The Bishops spoke out “Dear Kenyans, due to the direction the debate on the ongoing Tetanus Vaccine campaign in Kenya is taking, we, the Catholic Bishops, in fulfilling our prophetic role, wish to restate our position as follows: … we are shocked at the level of dishonesty and casual manner in which such a serious issue is being handled by the government…we shall not waver in calling upon all Kenyans to avoid the tetanus vaccination campaign laced with Beta-HCG, because we are convinced that it is indeed a disguised population control programme.”

Catholic Kenya reminds the world that sterilisation – not to talk of forced sterilisation - is a crime against human dignity and freedom of conscience. Not only Christian anthropology is against this practice. In traditional Africa, a woman’s fertility is considered so sacred that without it there is no woman.

If the Kenyan Bishop’s statement is true - as 27 Catholic bishops cannot sign a lie – the alleged perpetrators of this evil, that is, WHO and UNICEF and their Western sponsors, have committed an abomination hard to describe in Africa. Even in a typical western secular culture, clandestine sterilisation is a serious human rights violation, why then must they carry it out on the African continent?

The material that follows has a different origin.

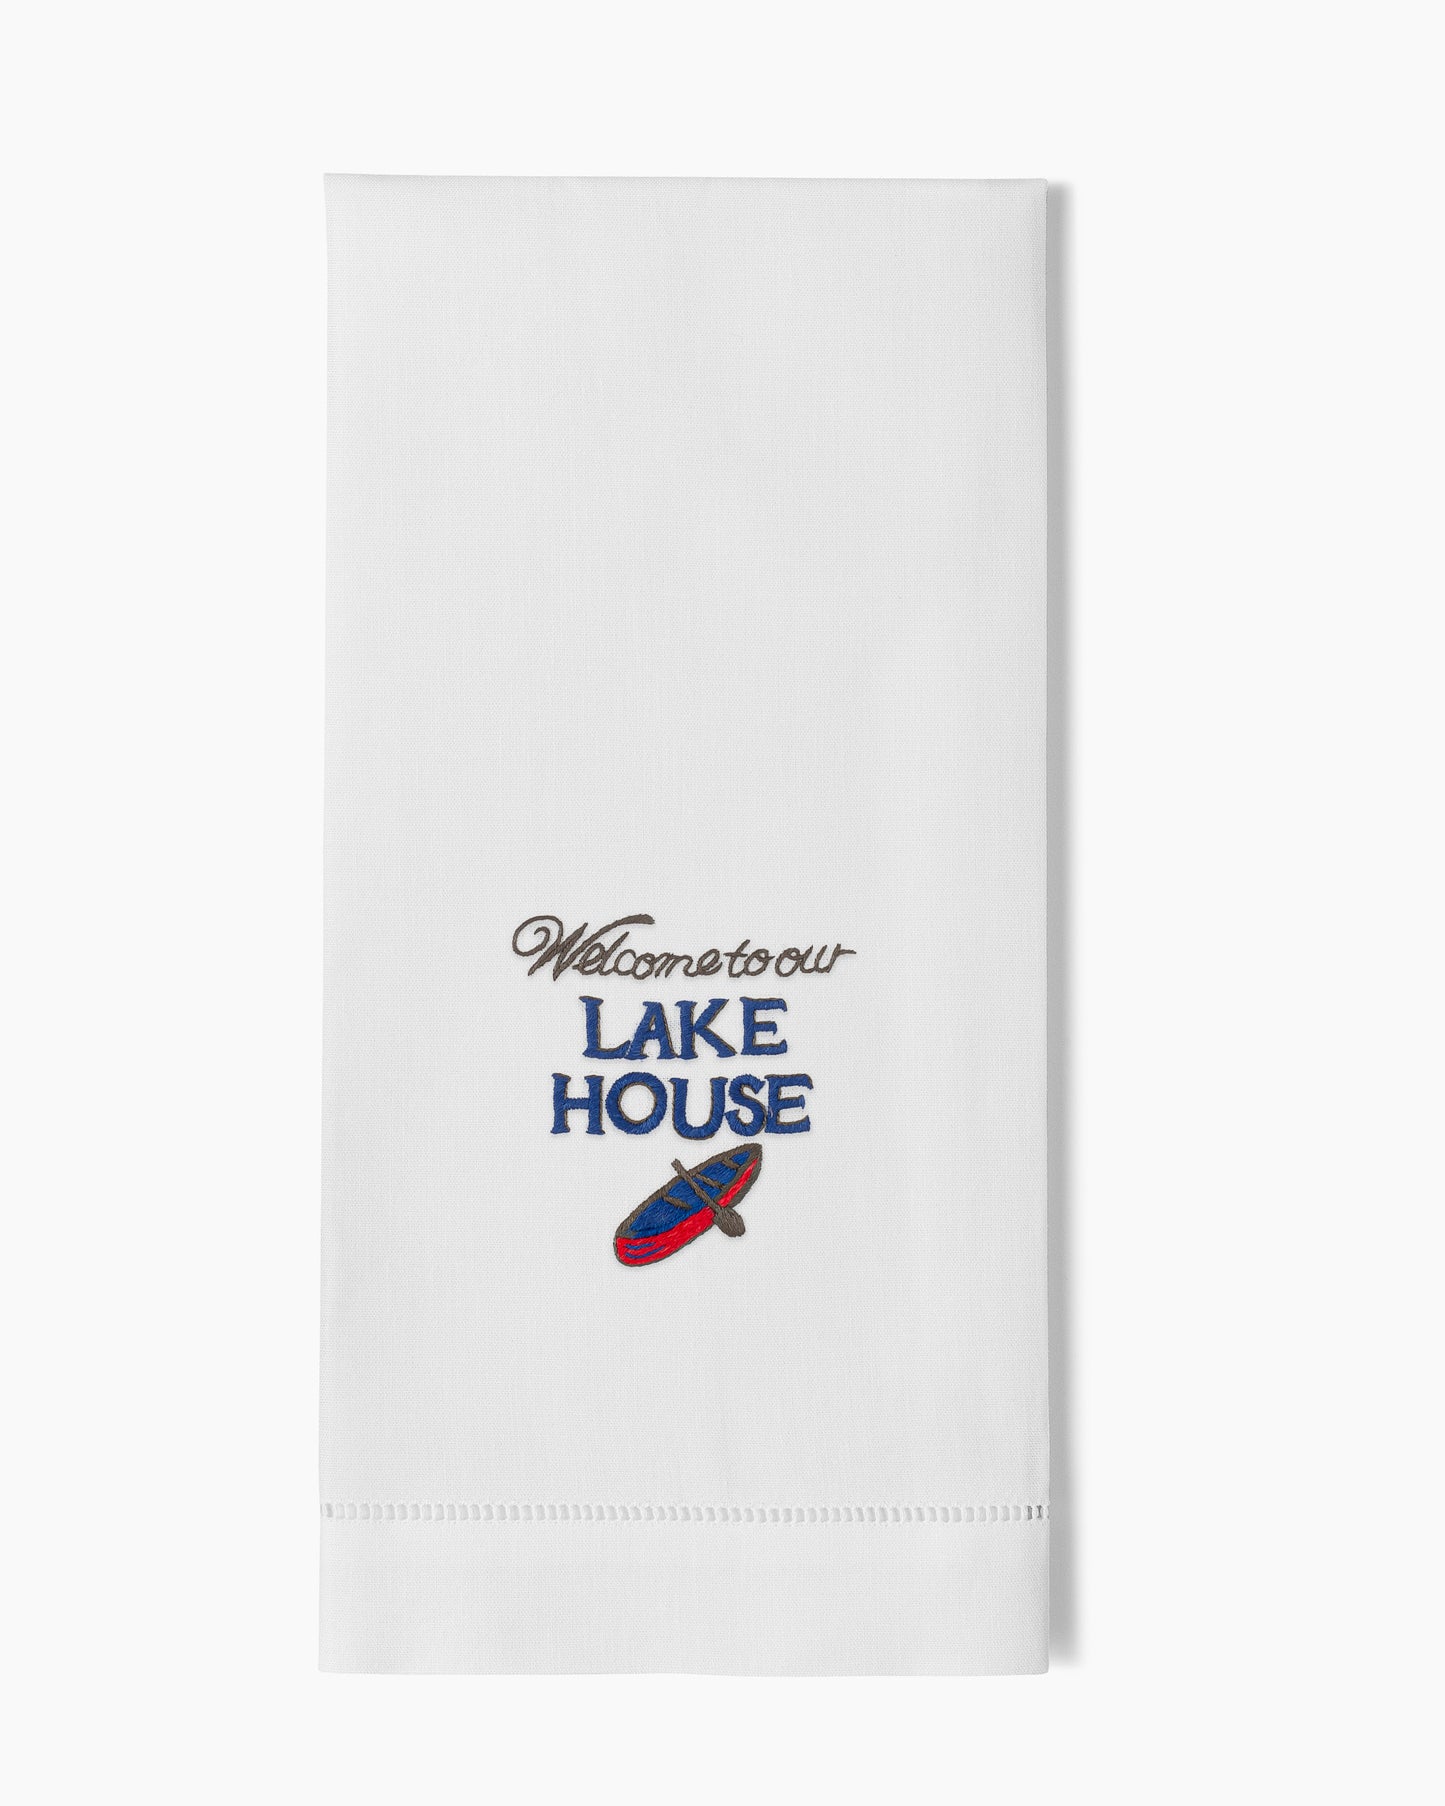 A white Henry Handwork towel that says Welcome to our Lake House.

In1990 Fr. Anthony Fontegh was murdered in cold blood for allegedly speaking out against similar questionable vaccines on young girls masterminded from abroad. Similar claims were made in 2004 during a Nigerian polio vaccine programme. We know too well that these blatant evils are being sponsored and launched by some Western agents, companies and states that care very little about human life in Africa.

This indicates that racism is still lurking in the world’s human family. Following the Ebola outbreak, thousands of deaths in Africa are simply handled as statistics, while the Western media reports one or two patients in America or Europe in their individual pain. This should be a cause for reflection to any African on how, in the 21st Century, some people still consider the humanity of Africans as a debatable topic.

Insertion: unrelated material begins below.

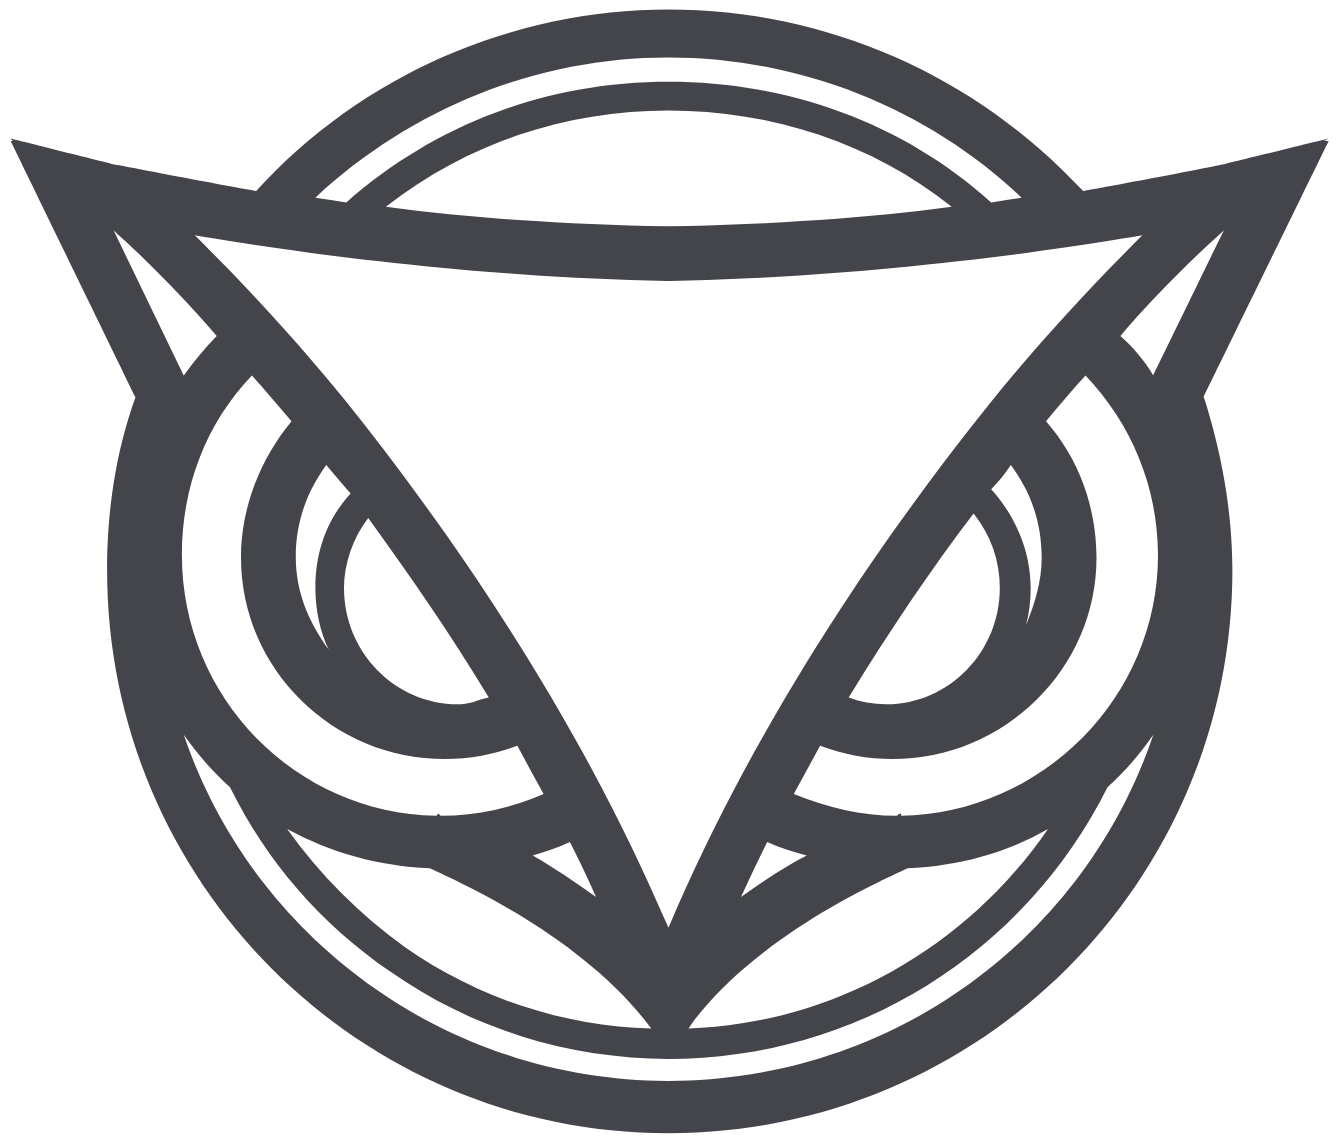 Cybereason logo in transparent PNG and vectorized SVG formats

Is it not sad that a small poor state like Cuba stands first, ethically, in providing help in tackling the Ebola plague in Africa while the “developed nations” are busy strengthening and caging up their borders to keep the poor-man’s disease from breaking their shores?

But why must the loudest democracy, freedom and human rights advocates always practice such daylight hypocrisy and double standards especially when it comes to Africa. And we must remember that the Kenyan Bishops’ conclusions on the tetanus vaccine do not depend only on religious or moral convictions, but most importantly on scientific evidence.

It is true that many African countries have much to learn from Europe and America in the area of technology, yet, many Western nations have proven that they need some lessons on moral values and the respect of human life from Africa. After the recent Vatican Catholic Synod on the Family one can ask, if the traditional African family anthropology is the only one left to save the whole world.

What lessons can we learn?

First, we can learn from the wisdom of the grassland people in English speaking Cameroon that a human being is human because of other humans. This means we cannot trample upon the humanity of others without devaluing our own humanity.

Second, the Kenyan experience has again revealed that in matters of values and the defence of human life, the Catholic Church is the hope for Africa. Third, that racism has never been sustainable and the secret becomes public sooner or later.

From where we stand, I can see the enormous value of great African fathers like Julius Nyerere, Nelson Mandela, Thomas Sankara and Patrice Lumumba and their example of fidelity to the plight of an afflicted continent. Africans have realised that neo-colonialists are using them like guinea-pigs for a free ride to rebuilding their empires.

Christianity is an untapped arsenal in the battle against the dehumanisation of helpless people that have been ignored for too long in Africa. There can only be a shift in mentality if Africans are made to understand - as the Kenyan Bishops have done - that they are humans. Only then will neo-colonialists begin to leave African humanity alone.